WORK ITEM: With the pictures removed, retype the lines from the one holding "Un beau tapis" through the end of the records, exactly as written.

─── RECORDS PROVIDED

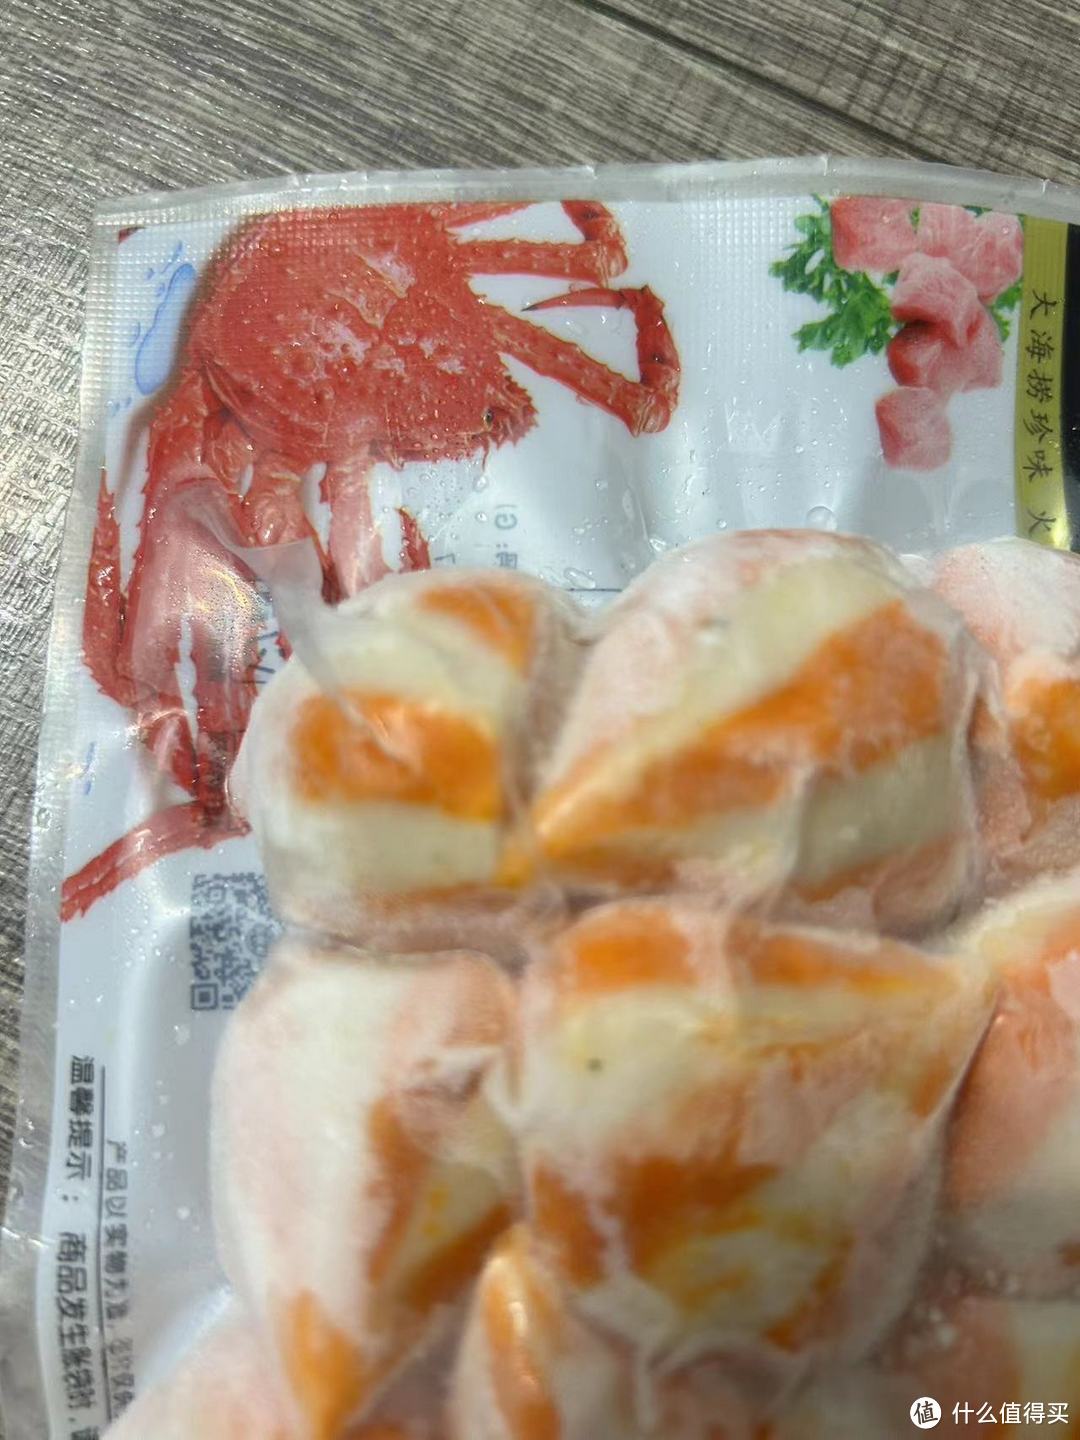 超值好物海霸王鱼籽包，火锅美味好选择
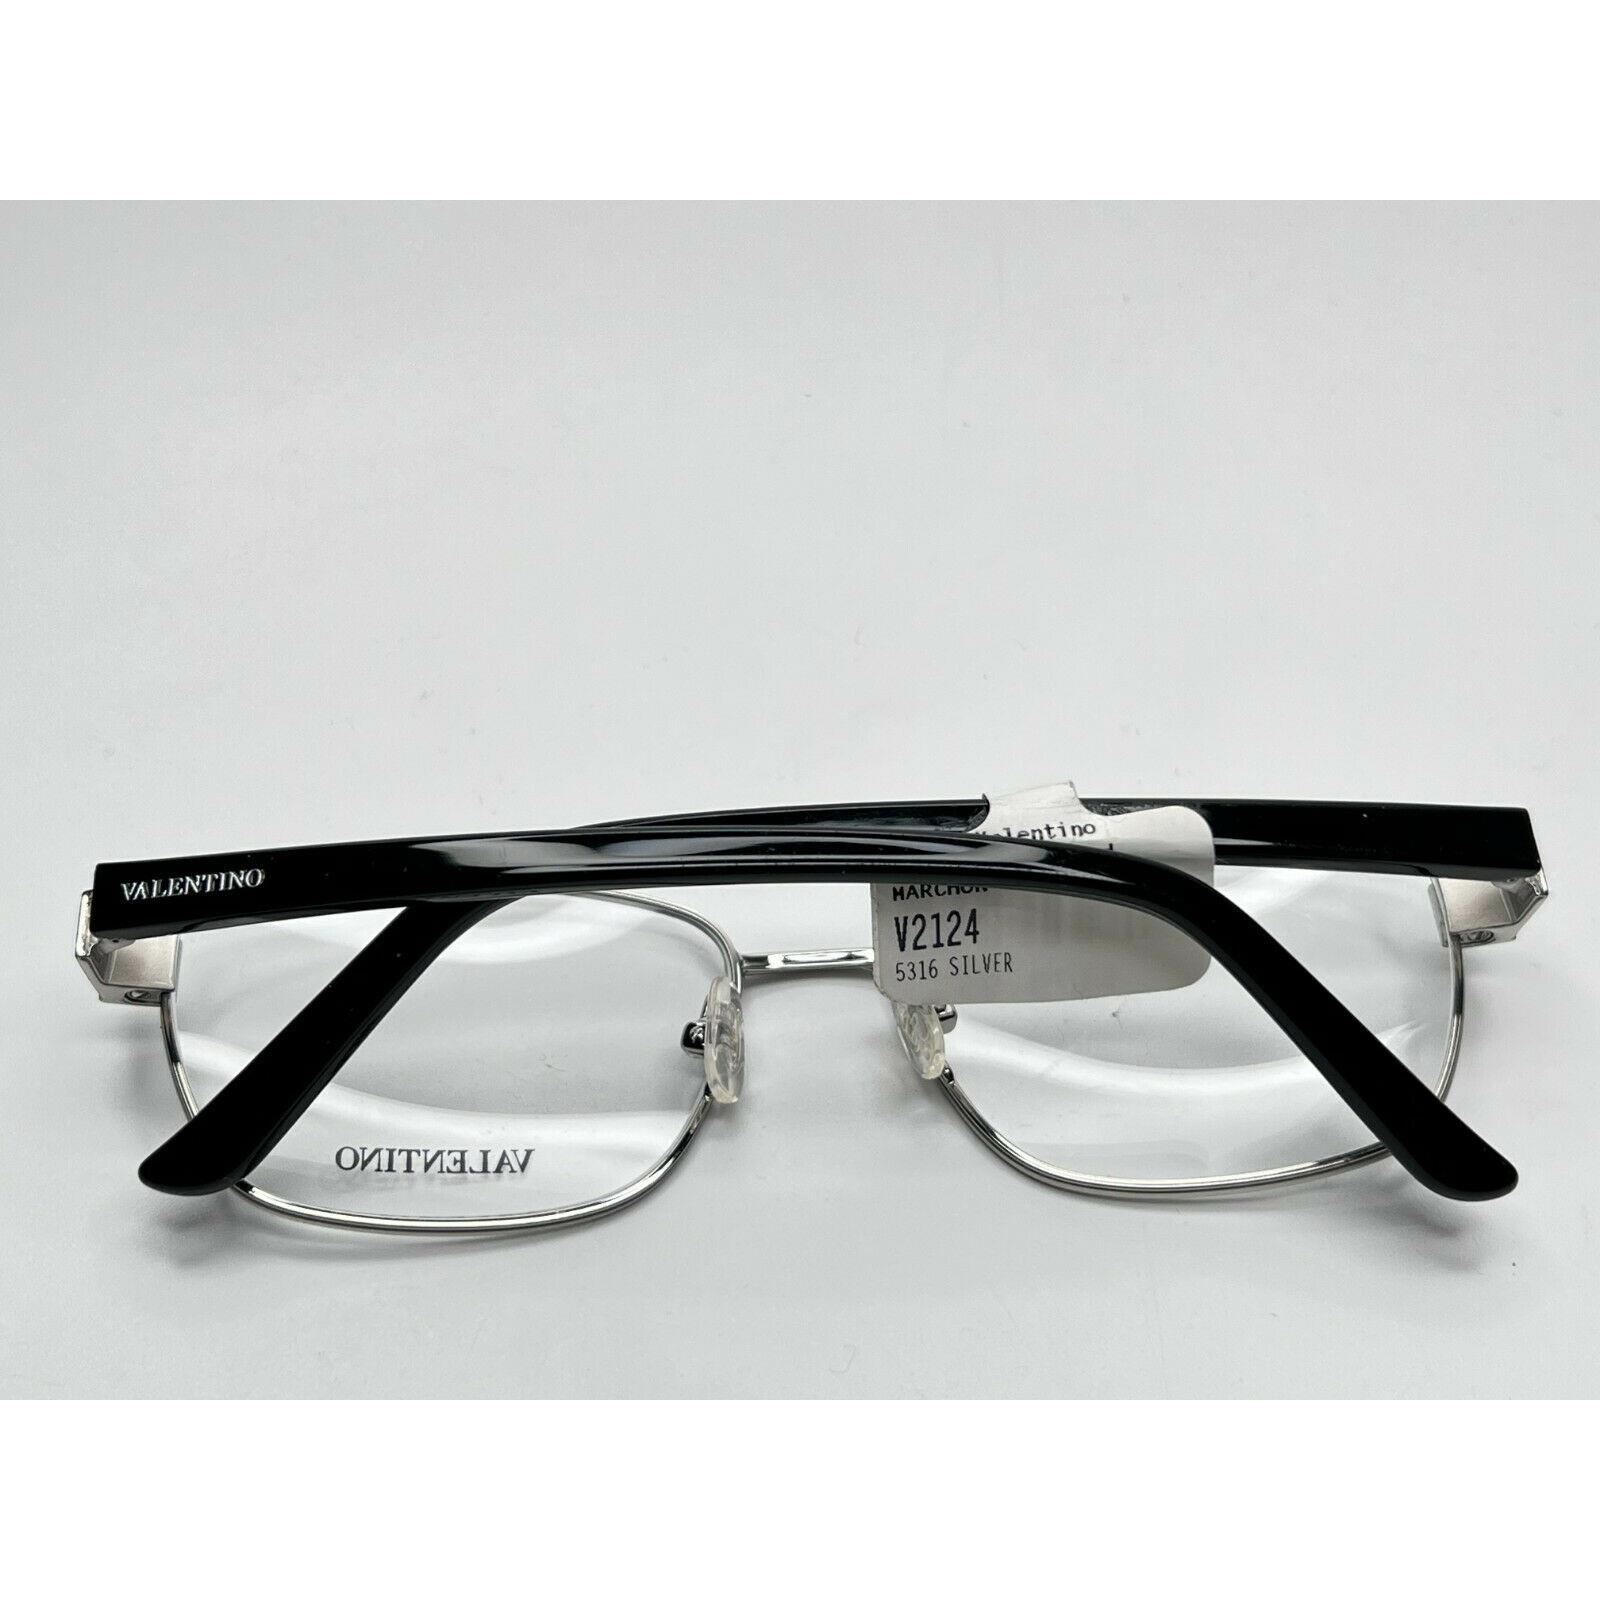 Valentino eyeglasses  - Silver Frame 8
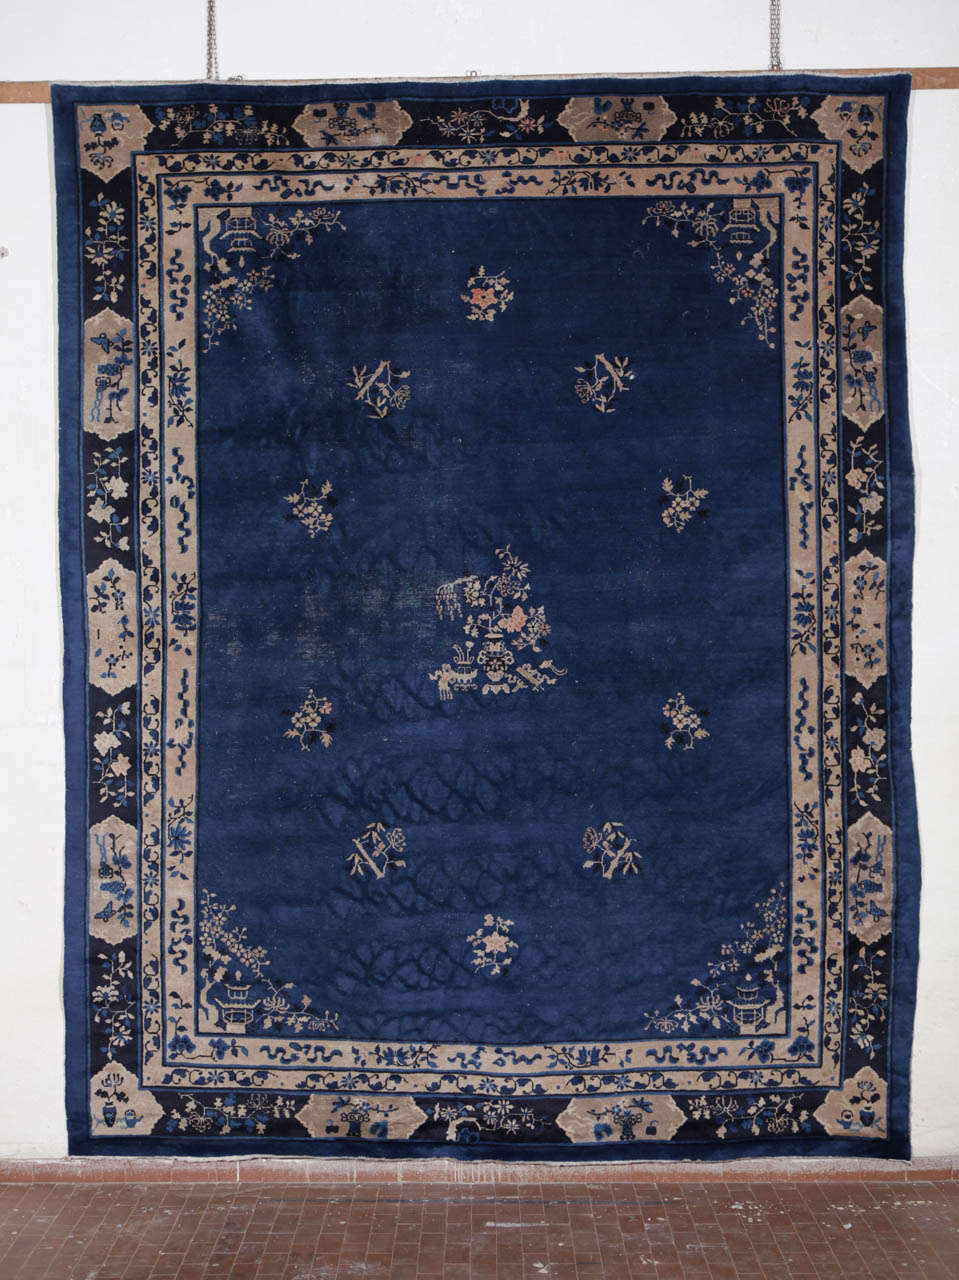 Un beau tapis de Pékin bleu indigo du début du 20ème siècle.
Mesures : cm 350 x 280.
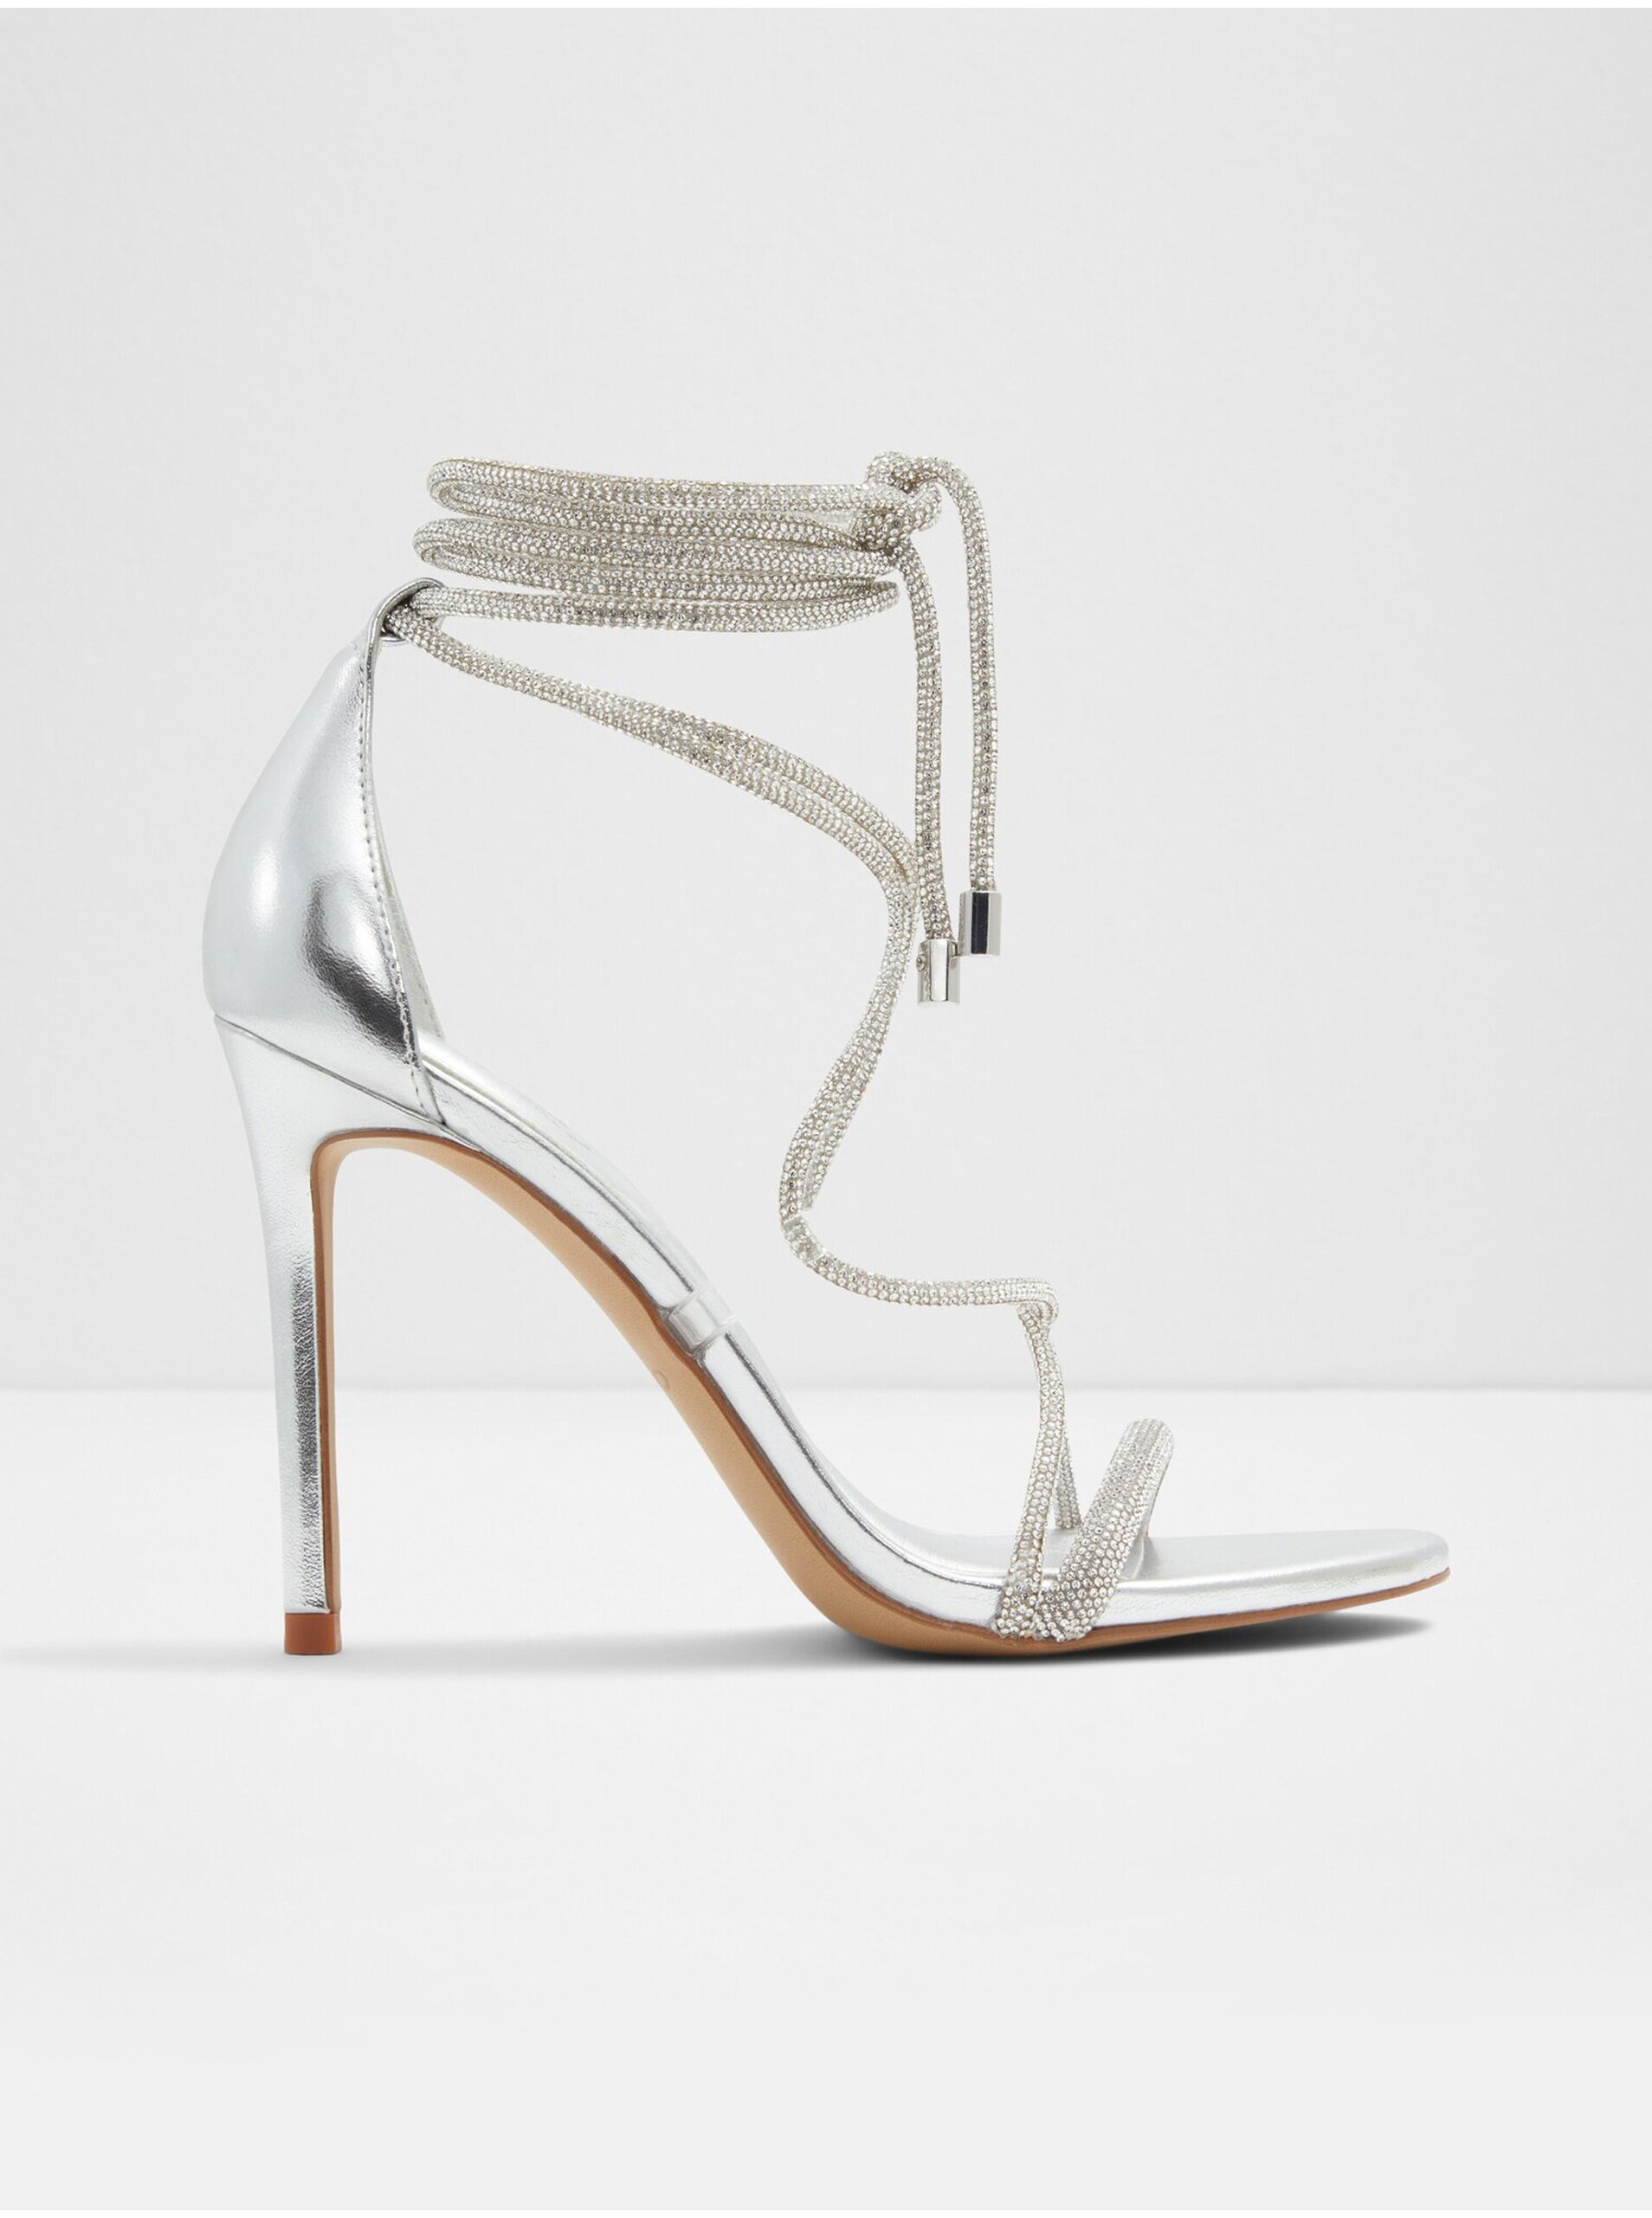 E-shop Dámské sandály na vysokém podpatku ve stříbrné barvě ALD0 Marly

──────

ANSWER AREA:
 Un beau tapis de Pékin bleu indigo du début du 20ème siècle.
Mesures : cm 350 x 280.
 E-shop Dámské sandály na vysokém podpatku ve stříbrné barvě ALD0 Marly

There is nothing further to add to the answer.